Self Balancing Robot


A two wheeled Segway-like balancing robot with a $15 budget.


This project was built for an intro to engineering course. The rules were to build an arduino based 'robot' in 2 weeks with a cost of under $15 that 'moves.' The complexity and task of each robot was completely up to the students.


The robot should perform as follows:

  • Remain upright

  • Self correct in real time

Of course, the robot must also follow the project rules. It must cost less than $15 (not including the arduino and servo motors). The whole project must be completed within two weeks, and will be presented to the student body after the deadline.


From a small list of 'robots' I could created, I chose the most unfamiliar project. Having built plenty of simple robots with legos in elementary school and middle school, as well as very complex robots in High School, I wanted a challenge. The projects that I considered are as follows :

  • Popcorn/ball catapult (with rubber bands and automatic reloading)

  • Line Follower (uses a light sensor to follow a line - this was something my junior high school robotics team did with simple visual block based programming in the LEGO Mindstorms NXT 2.0 software.

  • 2 axis arm with a pen programmed to write or draw.

  • Self balancing Segway-like bot

The challenge that I saw was in the programming. A mechanical body would not be too difficult to create; the real balancing comes from the sensor input and controlled motor output. I chose to do this coding without any research of existing self balancing code. This was so that I could explore, discover, and learn the system, the programming language, and the balancing code for myself, as this was my first time learning how to code in the Arduino IDE language. I would have to experiment with different control schemes to optimize balancing.

Mechanical Iterations

I tested several iterations of wheel size and center of gravity. I quickly found that the servos were not fast enough to respond to quickly developing error (unbalance). I iterated wheel size and discovered that the only way to get the right response speed with the motors provided was to use larger wheels. I ended up laser cutting 12" wheels in the SCU maker lab for this robot. I also added a counterbalance to the bottom to move the center of gravity slightly lower (but still above the axis of the wheels). This helped to reduce the inherent instability of the system.
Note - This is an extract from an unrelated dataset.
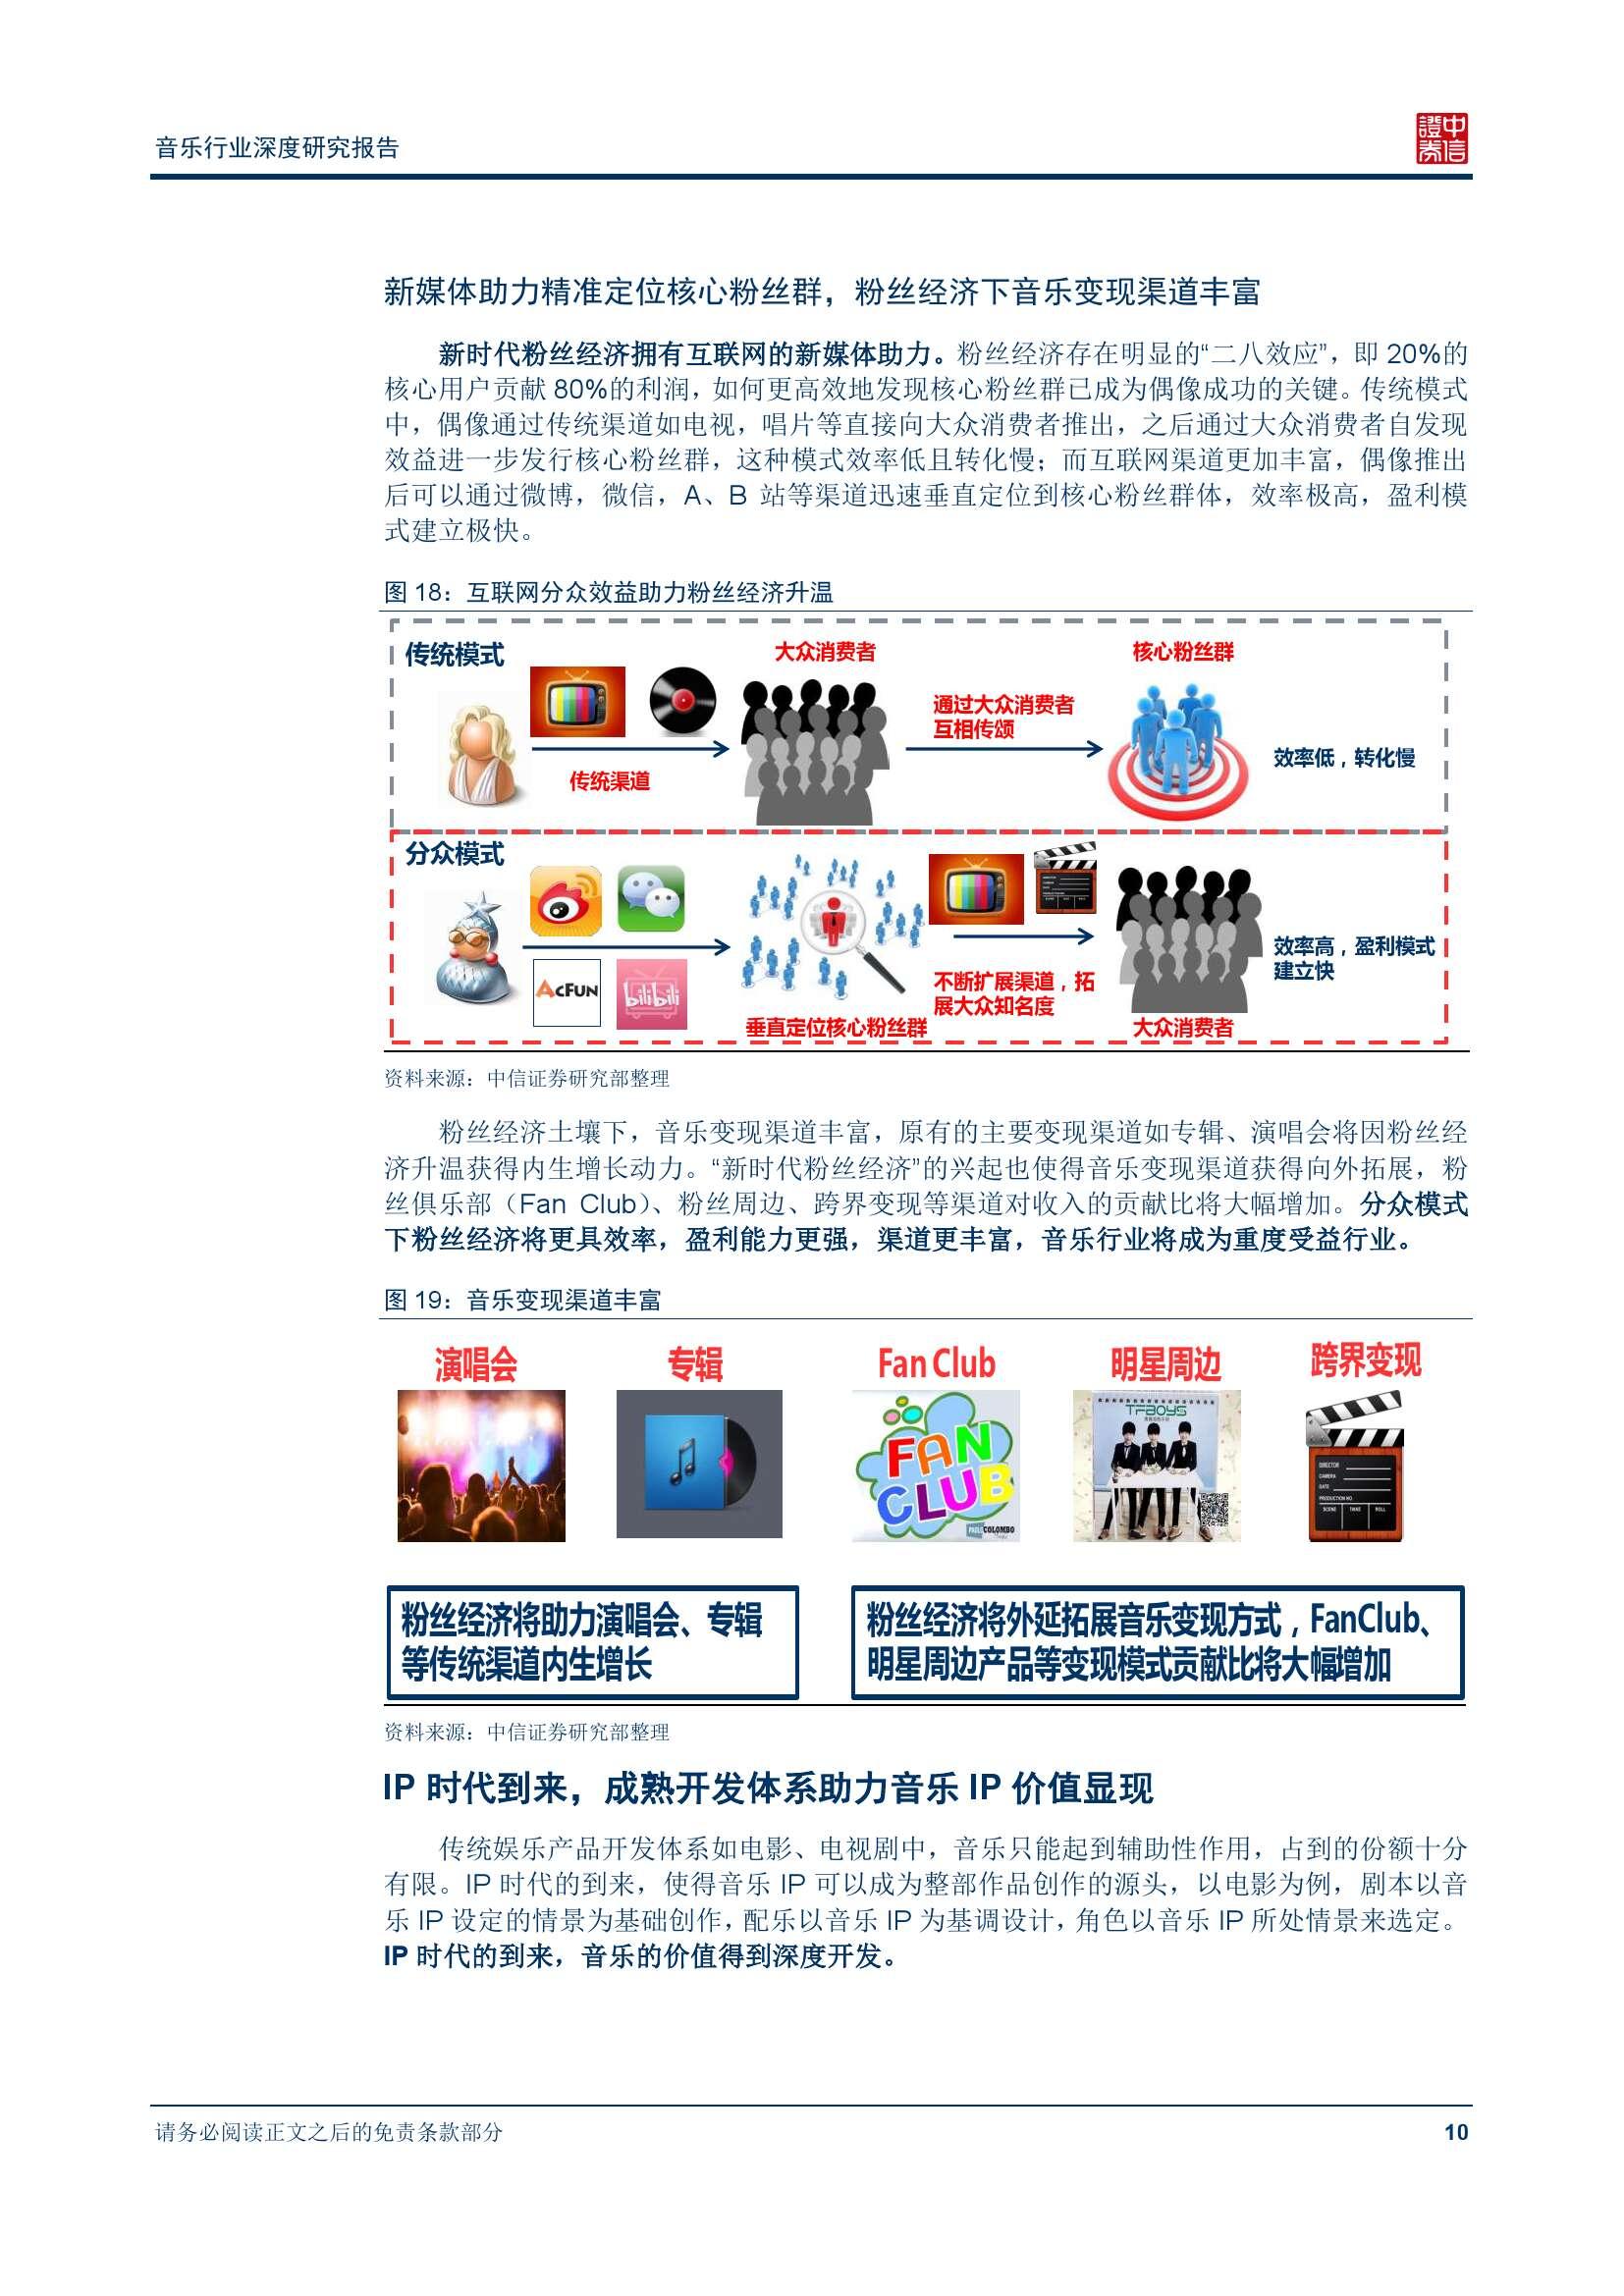 中信证券音乐行业深度研究报告_000015

The physical robot consisted of an old airpods box mounted to two servo motors with hot glue and the arduino powered by a 9V battery that was taped onto the side. The MPU 6050 gryo+accelerometer sensor was held in place with the stiffness of the solid core wires that were bent into the pin holes (due to the lack of a soldering iron). Wheels were initially 1" diameter RC car wheels, and where quickly upgraded to 3", then 8" foam boad wheels, then 12" laser cut wheels.

Testing and Tuning

I tuned the gain constant through an iterative process, which involved a lot of trial and error. I found that the stability of the hard wheel on carpert required different constants. The carpet was more stable, so I inverted the surface that the soft/deforming material was on in order to use it on hard flooring, such as concrete or wood. Using a roll of toilet paper that I folded several times over itself, I taped the soft surface to the outside rim of the wooden wheels. This enabled better stability on hard surfaces, and constituted the final design change of the robot.

Final Thoughts

Afterwards, I researched self balancing arduino robots and discovered that youtube quickly found a similar bot. I noticed some interesting differences between the two. The biggest difference was the motor power. The second biggest difference was the code, which was from a gitbub library derived from "MultiWii 23" firmware which "was the culmination of years of break-thru drone autopilot 'pilot feel' development" for quadcopter control during flight," from Carbonbird's professional team.
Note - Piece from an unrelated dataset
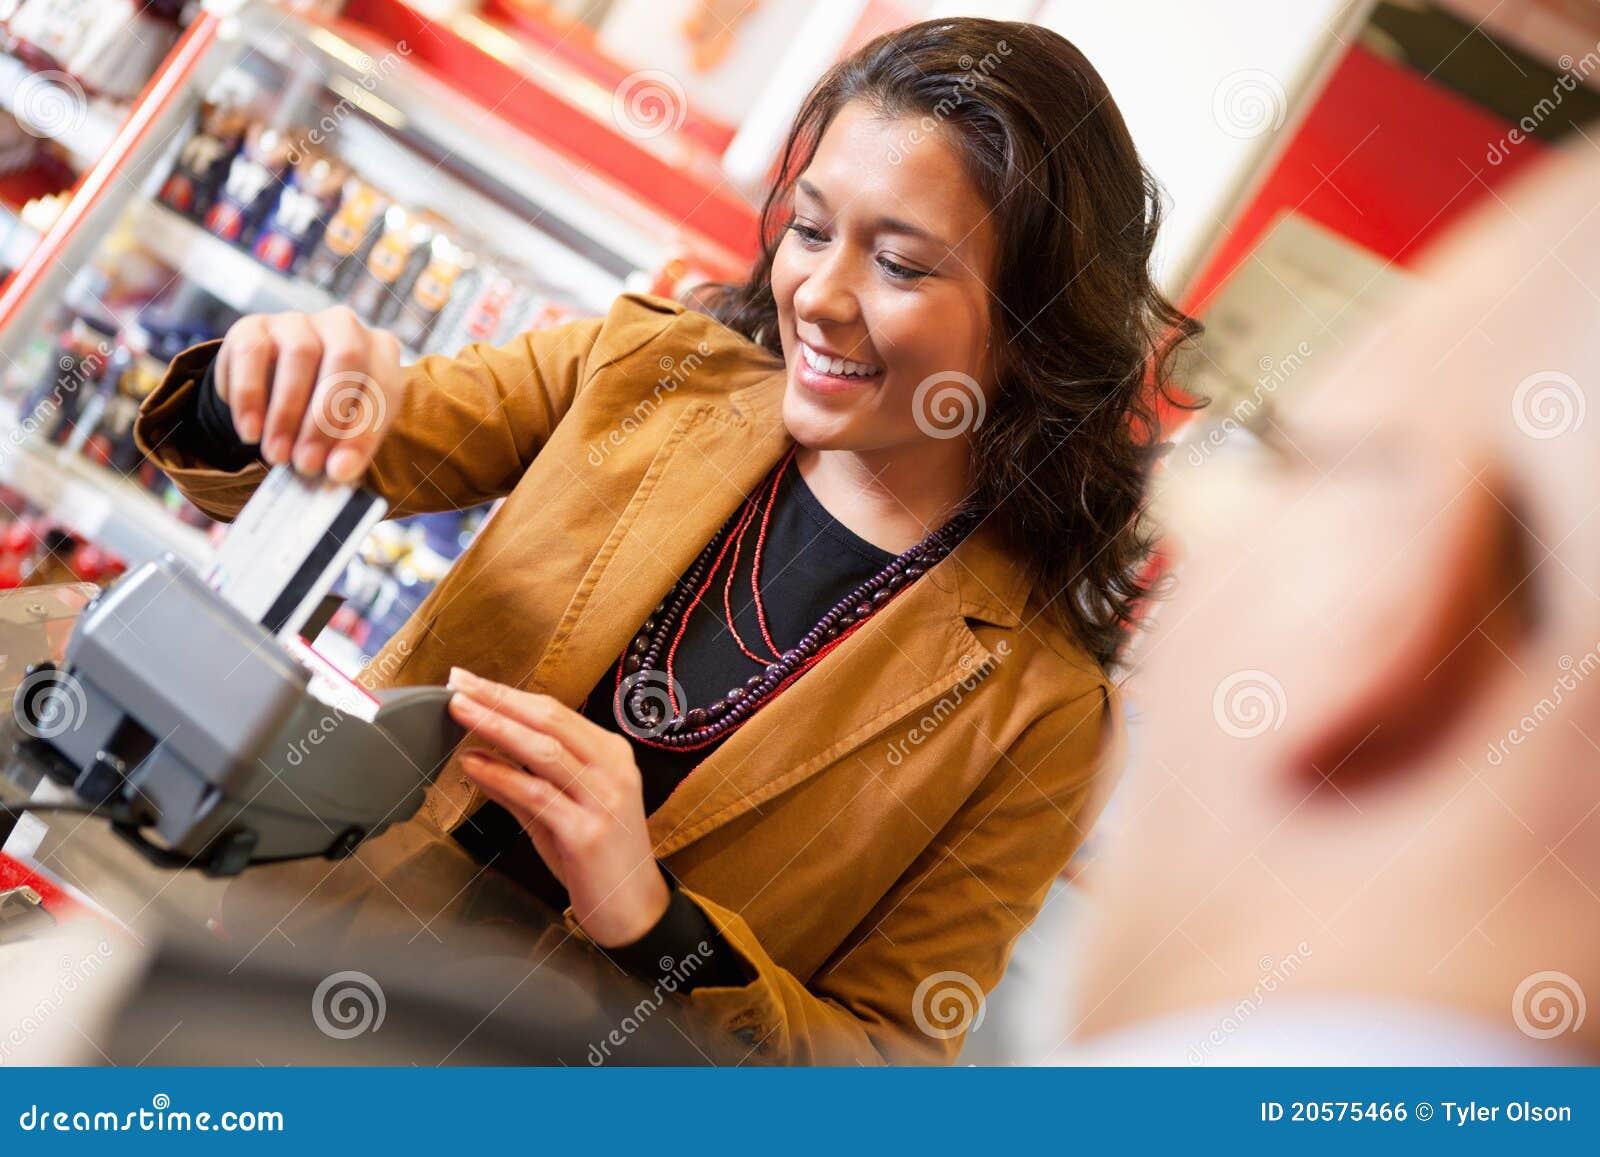 Assistentkortkreditering shoppar le nalla

Overall, given the time constraints of this project, I am proud of the control system and robot that I developed. If I were to continue development of this project, I would definitely experiment with smaller wheels and faster/more powerful motors, and a more powerful battery. The servos provided for the class were not ideal for the drive train. I would also further develop the control system to minimize the time to recovery and distance travelled during recovery. This would likely involve more research in feedback control systems (that I did not have as a freshman in college).

Update (2/21/20)

After having taken a course in feedback control systems, I decided to update this page with some insight I've gained. In hindsight, I essentially created and developed a P only control loop, feeding a gain times the difference between the set position and the actual position, where position was the gryo sensor feedback. If I were to re-do this project now, I would likley start by researching and experiementing with inverted pendulum control systems, which will likely involve a PID loop, rather than a simple P loop. This might also involve modeling the system with a transfer function that models robot position rather than robot anlge, as well as tuning system constants such that its gains minimize rise time and steady state error.